Albertine disfrutaba del espíritu melancólico y preciso de Muniagurria porque veía en él un reflejo gemelo y, en algunos momentos, casi anticipatorio, del suyo propio. El sentido mundano del argentino, su cortesía sin melindres ni especulaciones, el don innato en el manejo de la riqueza de las palabras (y esto, sin importar el idioma en que se expresaran) convertían cada minuto vivido en un tiempo del que no se esperaba su culminación ni, mucho menos, su desencantado olvido. Después de la anecdota sobre Borges y la cena de homenaje a Macedonio Fernández, Albertine había preguntado a Muniagurria:

—¿Esas celebraciones pintorescas son frecuentes en Argentina?

—Mas de lo que se debería -contestó Muniagurria con una sonrisa cómplice y sardónica-. Supongo que responden a nuestro afán de esnobismo y, a no dudarlo, al eurocentrismo que tratamos de imponer a muchas de nuestras acciones. 

En Río de Janeiro, y durante dos días y medio, la pareja recorrió las playas, los corredores cercanos a los morros, y los lugares nocturnos. En uno de estos, ubicado en las proximidades de Ipanema, la pareja escuchó a una cantante paulista interpretar una serie de fados portugueses.

El tono desencantado de la música, el abandono en los gestos y las maneras de la intérprete, y hasta el mismo tono sombrío de la estancia conferían al momento una suerte de perennidad anticipada y memorable. La ciudad, además, mostraba todas las galas de que era posible en el fragor de los preparativos para la inminente Exposición Internacional de Río de Janeiro de 1922, evento que marcaría un momento decisivo en las transformaciones ligadas a la arquitectura, el arte y las costumbres cariocas.

Poco antes del desembarco, y en las horas previas a esa primera noche en la ciudad, Muniagurria había preguntado a Albertine:

—¿Le gustaría pasar las dos noches en un hotel? Creo que podría ser una buena decisión. Olvidariamos, al menos por algunas horas, el vaivén del barco.

—Me gustaría mucho -contestó Albertine con una sonrisa-. Con usted, todos los sitios, todas las posibilidades y todos los sueños tienen una concreción perfecta.

El lugar elegido fue el Hotel Majestic, ubicado a pocos metros del Passeio Público, y en las proximidades del Morro de Castelo.
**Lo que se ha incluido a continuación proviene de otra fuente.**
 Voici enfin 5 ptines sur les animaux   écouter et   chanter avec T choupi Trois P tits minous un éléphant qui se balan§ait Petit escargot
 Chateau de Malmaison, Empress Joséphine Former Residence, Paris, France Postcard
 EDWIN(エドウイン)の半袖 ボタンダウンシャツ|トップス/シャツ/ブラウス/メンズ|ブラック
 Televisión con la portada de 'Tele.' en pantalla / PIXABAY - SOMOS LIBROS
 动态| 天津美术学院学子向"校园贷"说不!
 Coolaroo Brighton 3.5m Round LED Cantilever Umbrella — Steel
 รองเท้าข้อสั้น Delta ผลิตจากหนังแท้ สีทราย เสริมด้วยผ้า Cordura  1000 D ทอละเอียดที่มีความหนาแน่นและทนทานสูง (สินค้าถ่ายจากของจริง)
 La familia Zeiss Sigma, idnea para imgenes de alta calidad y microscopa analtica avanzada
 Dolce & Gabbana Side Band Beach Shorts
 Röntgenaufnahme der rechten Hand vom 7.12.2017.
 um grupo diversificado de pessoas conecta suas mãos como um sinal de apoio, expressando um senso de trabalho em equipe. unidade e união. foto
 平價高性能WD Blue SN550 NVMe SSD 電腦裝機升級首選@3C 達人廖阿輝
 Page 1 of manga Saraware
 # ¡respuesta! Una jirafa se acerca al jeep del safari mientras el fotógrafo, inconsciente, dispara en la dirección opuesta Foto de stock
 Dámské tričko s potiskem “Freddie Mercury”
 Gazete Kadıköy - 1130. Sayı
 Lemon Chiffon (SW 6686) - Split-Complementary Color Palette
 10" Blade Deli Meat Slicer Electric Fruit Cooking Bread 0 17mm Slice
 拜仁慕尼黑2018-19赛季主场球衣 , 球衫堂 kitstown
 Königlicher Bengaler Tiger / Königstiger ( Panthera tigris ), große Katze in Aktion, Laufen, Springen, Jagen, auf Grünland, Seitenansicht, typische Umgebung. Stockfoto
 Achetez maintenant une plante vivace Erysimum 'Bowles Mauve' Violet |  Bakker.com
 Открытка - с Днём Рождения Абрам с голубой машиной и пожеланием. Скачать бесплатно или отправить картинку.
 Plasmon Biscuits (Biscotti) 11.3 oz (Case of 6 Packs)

El edificio era de seis plantas y estaba rodeado de un jardín frondoso y abigarrado. Las habitaciones eran espaciosas y de color celeste.

Las cortinas descorridas dejaban ver la inmensidad del mar y la insignificancia de los objetos próximos, en una contraposición de las formas y sus objetivaciones en la materia. La temperatura era templada y benigna. Desde los morros circundantes llegaban hasta el interior del edificio los sonidos apagados y la luminiscencia producida por fogatas aisladas y celebrativas.

En ese marco sosegado y pleno Albertine y Muniagurria recorrieron los mercados, las librerías antiguas, las coloridas escaleras diseminadas en el entramado urbano y los restaurantes especializados en platos marinos. Las dos noches culminaron en una intimidad sin fisuras ni sobresaltos. La inminencia de la llegada a Buenos Aires, los numerosos planes para una vida compartida en un medio del que Muniagurria conocía todos los secretos y todas las expresiones, otorgaron a ese paso por Río de Janeiro el delicado y esplendoroso fulgor de la plenitud en la experiencia.

 

Continuará... (www.REALPOLITIK.com.ar)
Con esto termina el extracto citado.